The plethora of things she saw on the way absolutely astounded her. How could she have been so blind before. What was this mystical world she was suddenly enthralled in? Surely other people could see these creatures, right? It all seemed so overwhelming. That wicked old Crone knew exactly what she was doing when she handed over this bracelet. Even as Hannah tried to slip the bracelet off, it seemed welded to her wrist, hissing at the thought of leaving its new owner. After about a half an hour of sorting through sky high monsters, flying beasts, tiny gardeners, and the all around strange and unusual, the witch finally arrived at the shop.

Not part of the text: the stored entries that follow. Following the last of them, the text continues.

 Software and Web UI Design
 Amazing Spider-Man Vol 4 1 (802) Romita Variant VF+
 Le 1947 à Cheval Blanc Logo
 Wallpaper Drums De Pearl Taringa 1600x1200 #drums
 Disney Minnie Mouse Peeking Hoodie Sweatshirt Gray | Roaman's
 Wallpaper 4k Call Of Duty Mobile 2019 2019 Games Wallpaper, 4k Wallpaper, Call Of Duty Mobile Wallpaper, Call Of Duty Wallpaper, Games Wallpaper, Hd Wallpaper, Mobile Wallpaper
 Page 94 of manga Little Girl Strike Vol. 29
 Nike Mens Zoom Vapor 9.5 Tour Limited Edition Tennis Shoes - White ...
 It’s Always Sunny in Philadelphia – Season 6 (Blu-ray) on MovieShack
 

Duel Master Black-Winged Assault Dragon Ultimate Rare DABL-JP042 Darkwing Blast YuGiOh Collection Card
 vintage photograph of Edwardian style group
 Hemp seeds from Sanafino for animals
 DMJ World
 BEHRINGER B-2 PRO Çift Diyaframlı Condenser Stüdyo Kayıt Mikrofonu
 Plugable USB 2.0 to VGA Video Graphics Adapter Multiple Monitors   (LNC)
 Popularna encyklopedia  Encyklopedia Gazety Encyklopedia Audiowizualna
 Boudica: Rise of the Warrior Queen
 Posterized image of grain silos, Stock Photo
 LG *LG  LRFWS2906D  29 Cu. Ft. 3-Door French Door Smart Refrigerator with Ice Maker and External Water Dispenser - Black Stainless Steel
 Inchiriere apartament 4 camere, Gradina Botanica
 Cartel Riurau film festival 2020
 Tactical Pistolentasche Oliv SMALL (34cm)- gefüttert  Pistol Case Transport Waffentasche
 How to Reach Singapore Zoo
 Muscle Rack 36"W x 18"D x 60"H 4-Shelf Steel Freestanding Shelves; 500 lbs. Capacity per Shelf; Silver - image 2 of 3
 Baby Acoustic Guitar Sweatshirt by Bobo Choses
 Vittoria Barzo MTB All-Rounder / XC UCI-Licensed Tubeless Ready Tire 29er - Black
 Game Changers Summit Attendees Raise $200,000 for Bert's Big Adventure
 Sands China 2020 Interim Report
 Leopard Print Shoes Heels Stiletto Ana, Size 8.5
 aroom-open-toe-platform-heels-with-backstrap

Once again, she wasn’t paying attention as her hands swung for the door, and once again, she smacked into someone on her way in. This time it wasn’t Pavetta, but a large, burly man, maybe 7 feet tall, with silver hair, dressed all in black. He simply grunted as the paper bag that was covering his treasure fell off. Hannah’s eyes grew wide at the site of it. It was oval shaped, about the side of a cantaloupe, and covered in gray scales. The giant lowered his eyebrows with what sounded like a low growl and rewrapped the item.
Hannah shrunk down and apologized. He tipped his head to the girl, indicating no ill will, and she rushed inside. “What did you do to me?!” the girl screamed, approaching the counter.
“Excuse ME little girl, I didn’t do diddly squat to you.” Pavetta shouted right back. Hannah hadn’t noticed last time, but beneath Pavetta’s long white hair, pointed ears seemed to be poking out.
“What’s this ruckus!” Hannah heard the Crone shout from the back.
“You! You knew and you didn’t say anything! Why?!” the girl yelled at the old witch. She merely chuckled in response.
“So, I was right. You DO have the gift.”
“GIFT? This is not a gift! And I don’t want it! Take it back!” Hannah barked.
“Simply can’t be done, girl. You chose the moldavite and the moldavite chose you! Some people get a career change, others find or lose love. But there’s the rare one in a million case, where it brings out the gift. And I was right! I knew from the moment you walked in here with that golden, glowing aura, you were the one!”
Hannah stared in awe and lowered her tone. “But why me?” She asked the Crone.
The old woman chuckled again. “Because you’re just chosen, my dear. It’s a family gift, surely your mother or grandmother knew you were special. Well it’s beside the point. You must help them, give them safety and purpose, help them find their way in this world. It’s up to you now. You can’t unsee them.”
“But how is this possible? If I’m so gifted why didn’t I see these creatures before?” Hannah asked.
Mandy smiled. “That’s the thing about this city…the magic was hiding all around you, you just had to know how to find it.”